- EXERCISE REQUIREMENTS
Only one stretch of the data below should be repeated: the lines from the line containing "Imprimantes compatibles avec Toner CANON 054" through the line containing "Jennifer Lopez seen", inclusive, exactly as they are.

- PROVIDED DATA
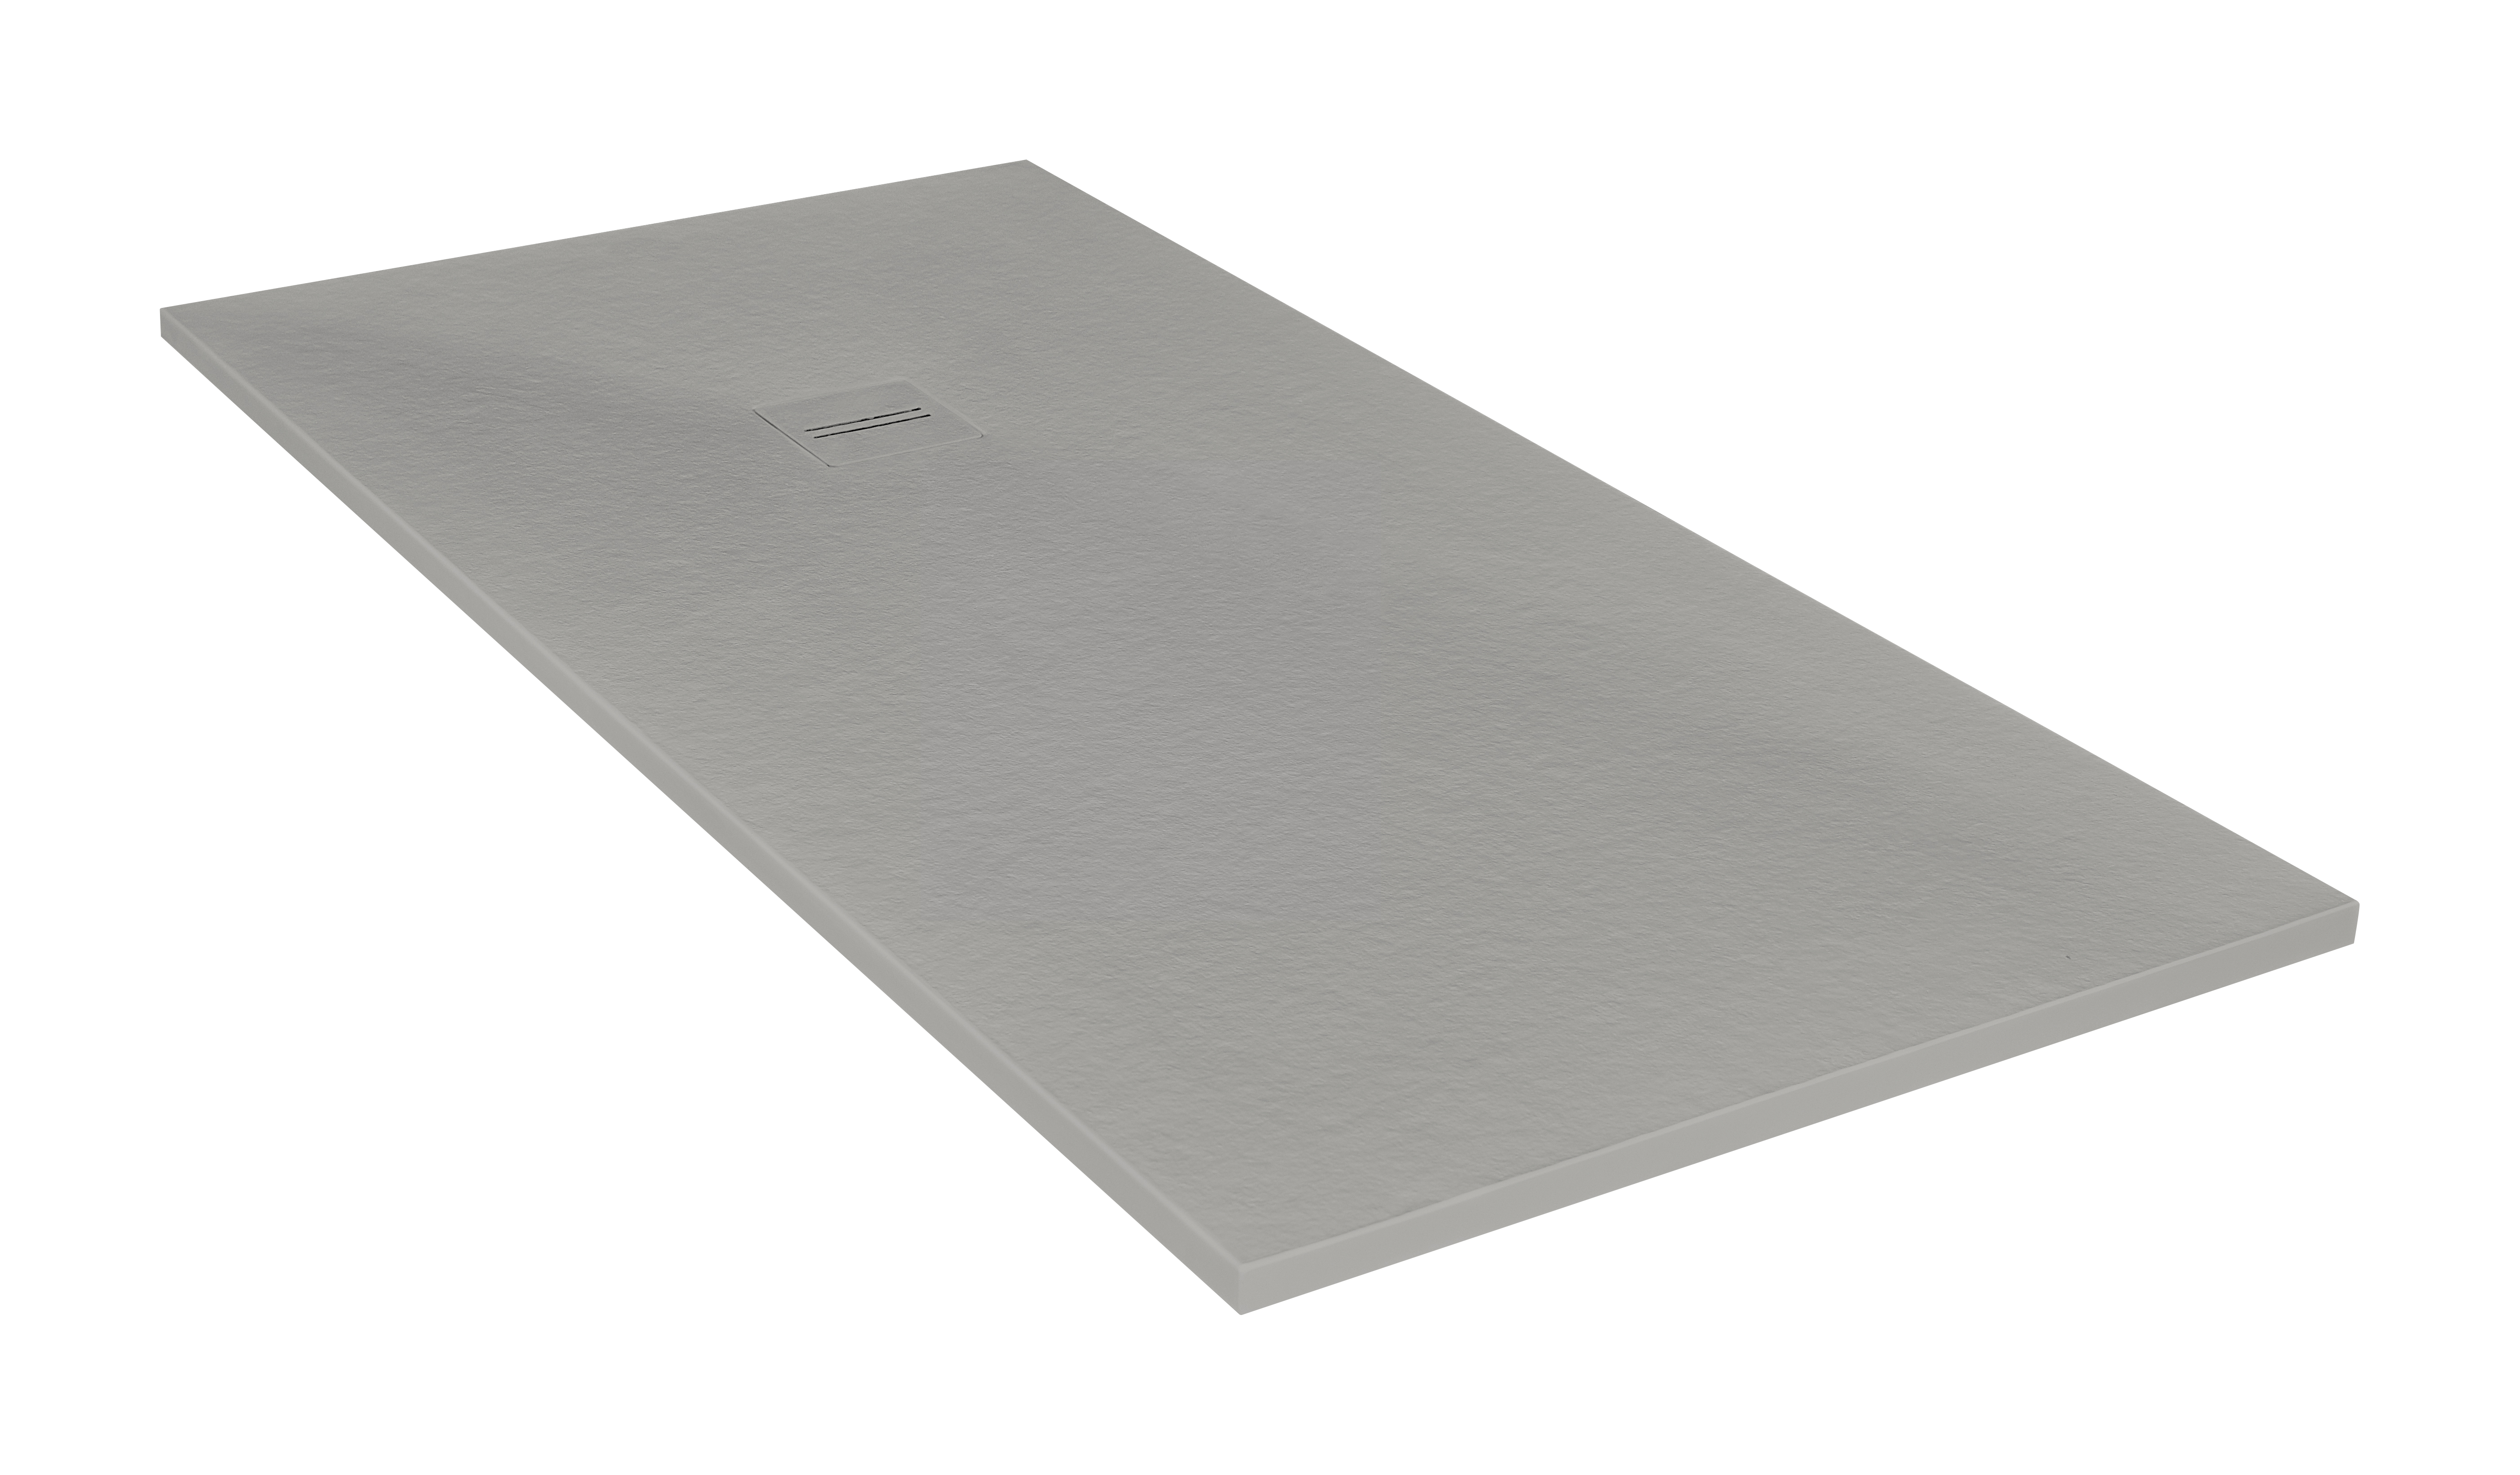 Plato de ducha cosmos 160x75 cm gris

==

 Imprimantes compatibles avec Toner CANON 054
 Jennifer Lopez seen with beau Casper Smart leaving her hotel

==

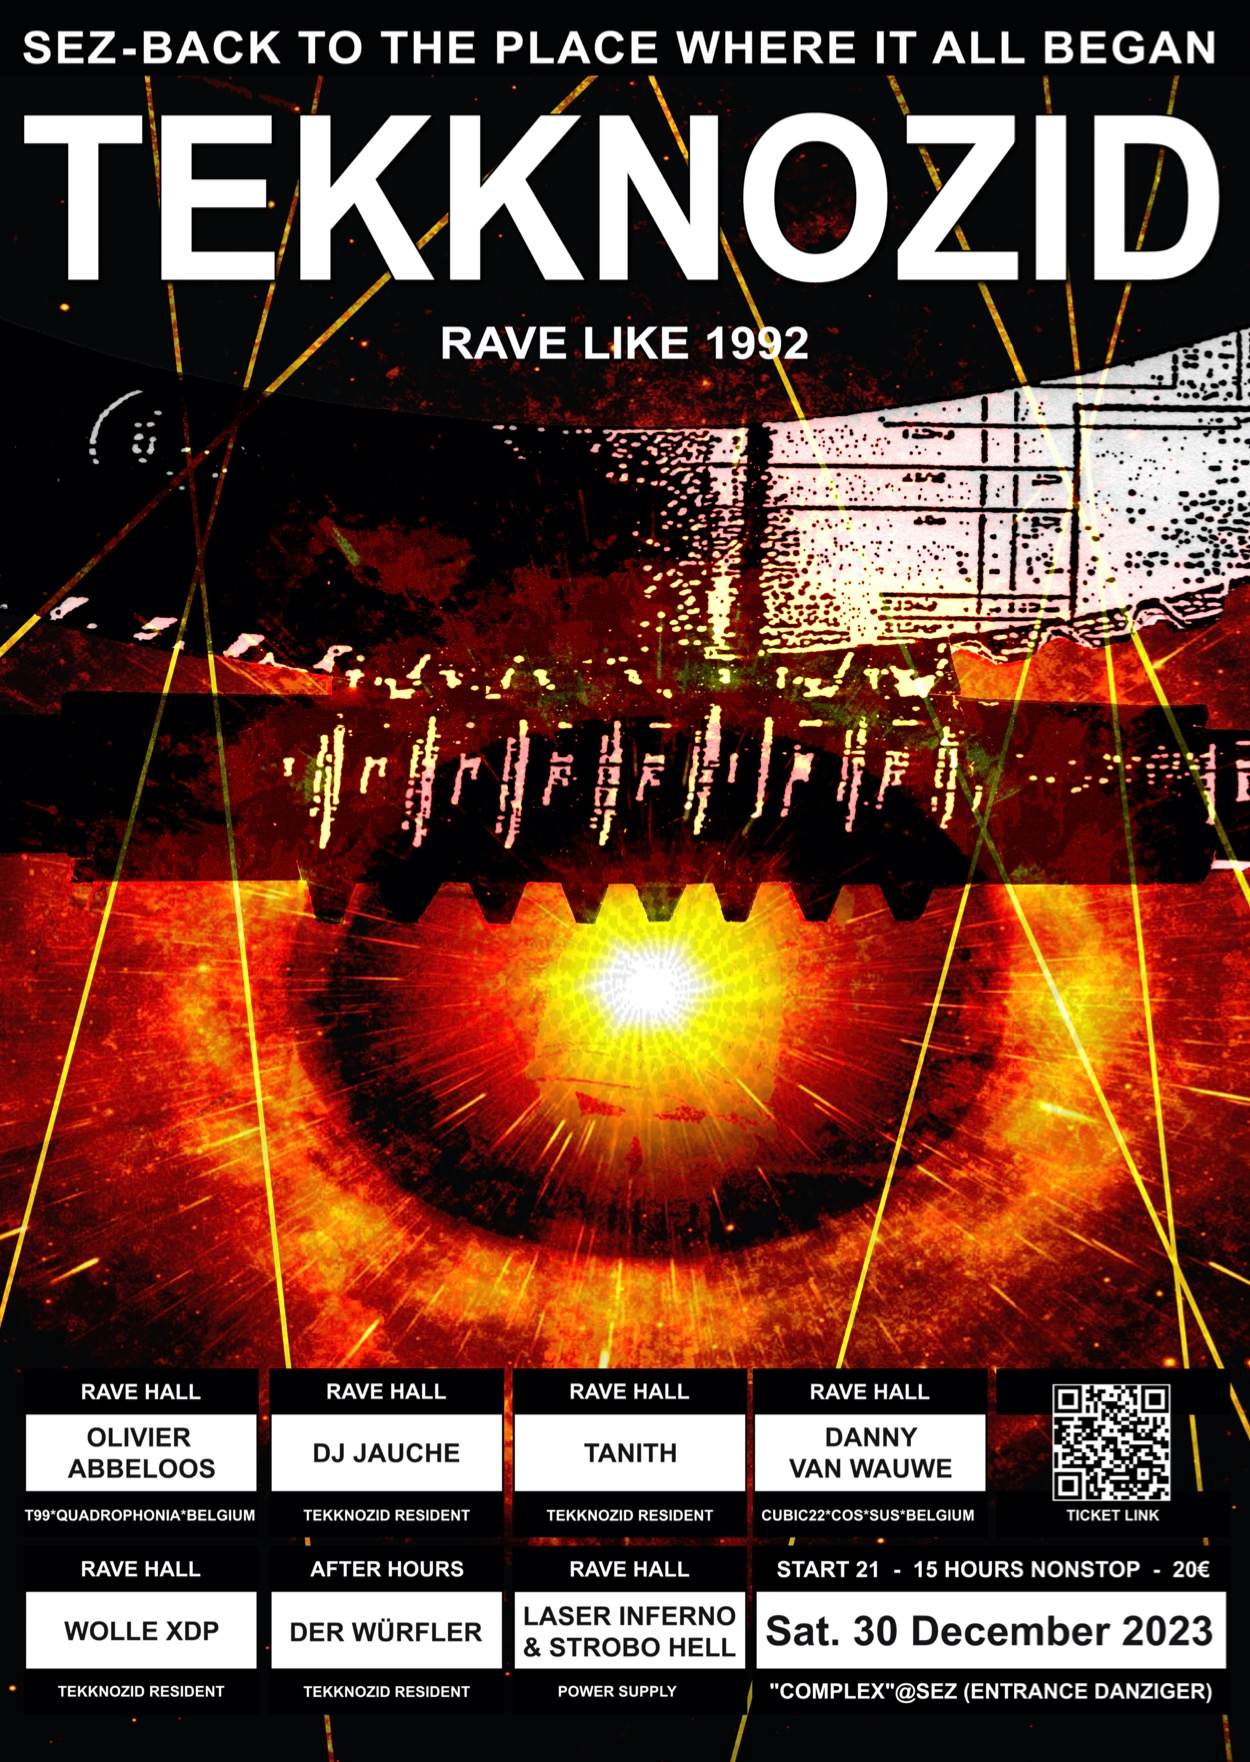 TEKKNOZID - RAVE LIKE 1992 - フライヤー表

- ANSWER SECTION
 Imprimantes compatibles avec Toner CANON 054
 Jennifer Lopez seen with beau Casper Smart leaving her hotel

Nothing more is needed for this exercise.